After spending hours and hours carefully constructing your analysis, be sure to put a significant amount of time into deciding how to present it. Think like your audience, and what will help them use the analysis properly. If you don't communicate the analysis effectively, then the analysis will be wasted.

Wednesday, March 9, 2011

Players: One Definition



Ask a business man to define a customer, their definition will depend largely on their function within the business. If they are in sales, they will talk about points of contact and sales histories, but if they are in product development, they will talk about demand for new features and usability. Finance, marketing, and H&R would also likely have different definitions for a customer. It is not hard to see however, how a business could benefit from having one comprehensive definition of what a customer is, that brings all of that information together in one place. R&D could then look at sales records to see if the new features under development match the needs and wants of the most profitable customers.

A sports team is no different. Every function within the sport side of a professional team has their own definition for a player. Coaches are often focused on current performance, while the personnel side is often focused on scouting information, and trainers are often focused on health related information. As each of these groups has interest in the information that the other groups have, that is not their focus, and it is often difficult for the various types of information to be synthesized.
Coaches collect, process, and analyze a wide variety of information. Game data includes quantitative data such as performance metrics related to play calls, video, and qualitative grades. Practice data often includes video, specific measurements, and observations. Classroom information includes information on preparedness, and the ability to understand and process game plans.

The personnel operation collects information from a variety of sources. Intelligence is generally qualitative information on a player's background and any current personal issues. Personality information may include quantitative or qualitative psychological assessments as well as anecdotal information gathered from other layers/coaches/friends. Specific skill data can be quantitative or qualitative information on a player's strengths and weaknesses.

The trainers and medical staff focus on a rich set of qualitative and quantitative information regarding a player's injury history including type, treatment, and recovery times. THey often use information on how players train and the frequency with which they train, as well as their pre and post training routines. They also monitor nutrition and hydration.

These are all of course gross simplifications of the broad classes of information utilized by different functions on a team. What is important is not that specific types of information, but rather the synergistic value of keeping one definition of a player that is updated and analyzed by all functions within an organization.


Once all the types of raw data and information on a player are collected consistently collected in one place, then the coach who is wondering how to better motivate a player can see from intelligence information what other coaches have done in the past, or the general manager who is wondering why a high potential prospect is not developing can see that they are not processing information in the classroom well and has poor post-training habits.

While all of this already occurs, it usually occurs when a decision maker in one function asks for information from another function. This may take 5 minutes for a response, it may take 3 days - by which time the original thought that led to the request is gone.
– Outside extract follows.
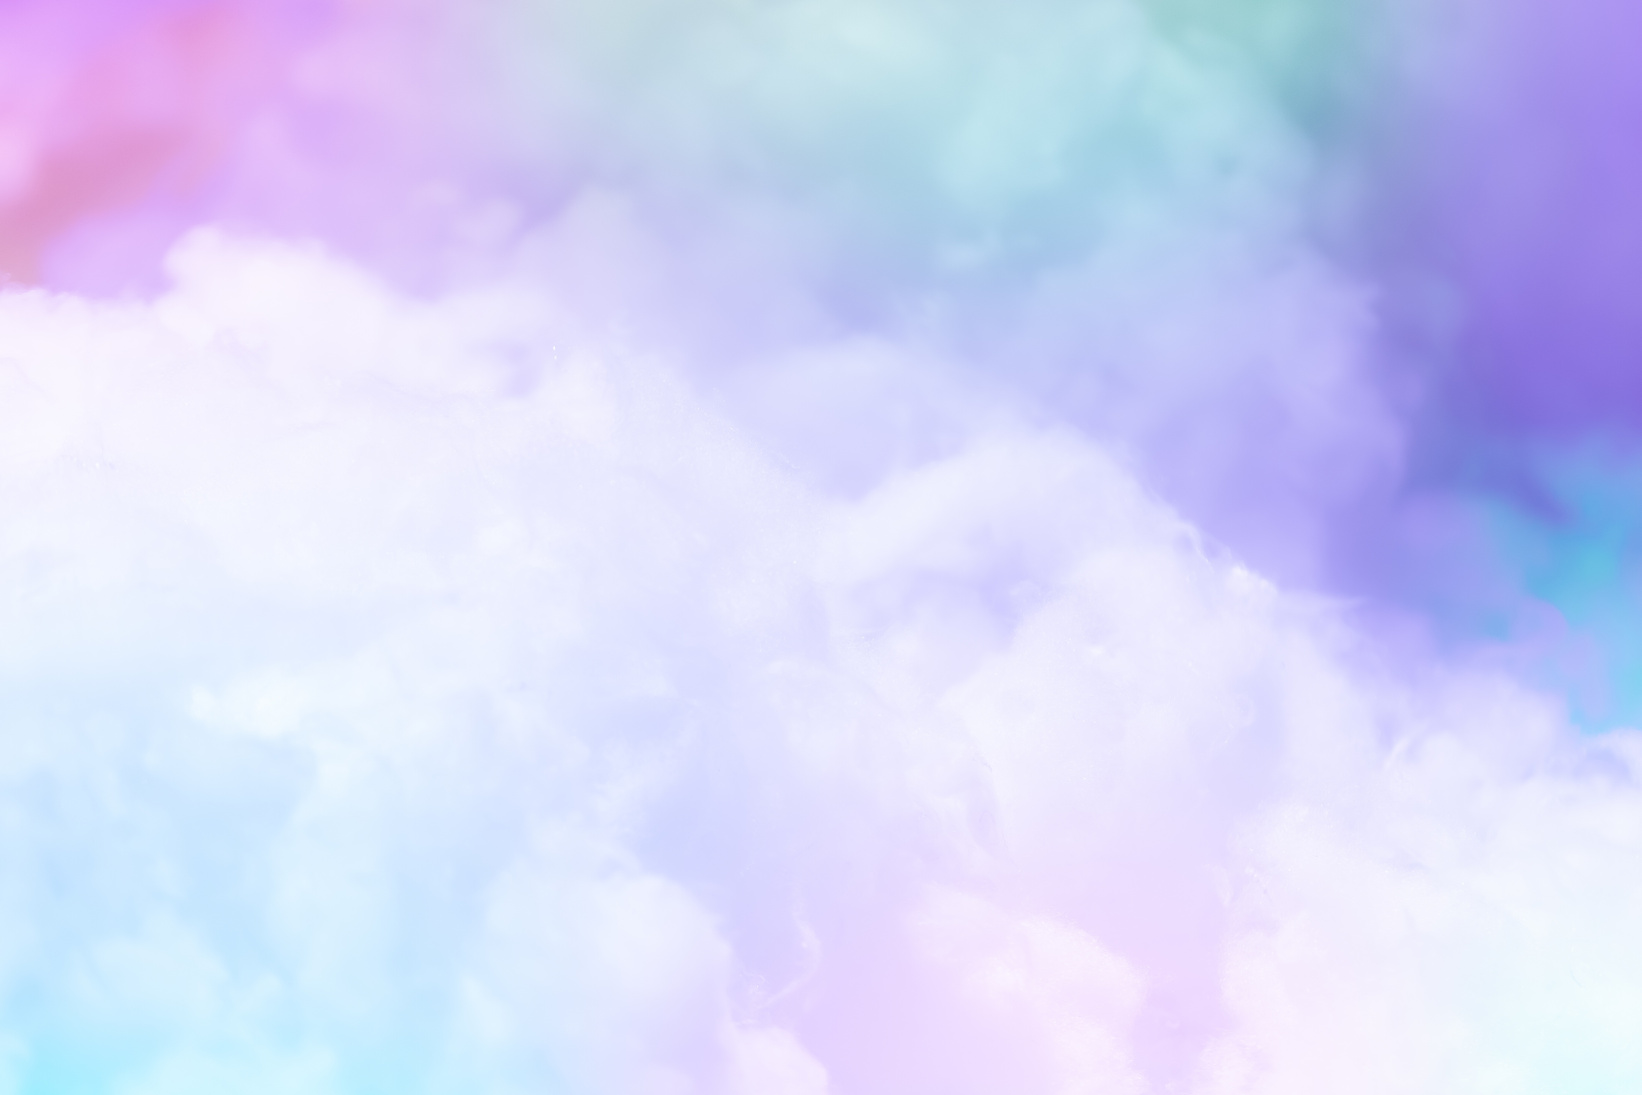 Cloud series : Colorful cotton candy. Soft fog and clouds with a pastel colored rainbow gradient for background.

An organization that has one definition of a player, has a system that allows thorough and creative analysis to flow freely and not be constrained by the response time of other members of the organization.

The bottom line is that having one definition of what a player is, focuses an organization on what it believes is most important about a player, and drives the resources, strategic thinking, and tactical analysis of the organization through that definition. That process gives the organizations long term strategy the best probability to succeed.

Tuesday, March 8, 2011

Why Sports Analytics?

The "Why" of sports analytics is actually fairly obvious: good sports analytics can help a team win more frequently and more consistently. The real question with sports analytics is not "why?", but "how?" By how I do not mean how do we set up a good sports analytics program - this is a vital question, but not what I am tackling today. Before you determine how to implement a sports analytics program, you first have to understand how sports analytics can help your team win.

Sports analytics can help a team win more frequently and consistently through three general functions: New Information, Synthesis of Information, and Efficient Information. Each team will emphasize a different function of sports analytics based on their core competencies, but a comprehensive sports analytics program will involve all three.
Functions of Sports Analytics
 New Information
The classic use of sports analytics is to provide new information - usually through statistical analysis of performance or game data. This function uses raw, quantitative data to create new information. Team's in all sports have done this privately, creating metrics and projections that help them better measure current and future performance of their players as well as how to best utilize the players they currently have. The power of new information is obvious when compared to the investment community. Investors that have information that other investors do not about the future earning power of a company have a competitive advantage, this why there are laws governing insider trading (hello Martha Stewart).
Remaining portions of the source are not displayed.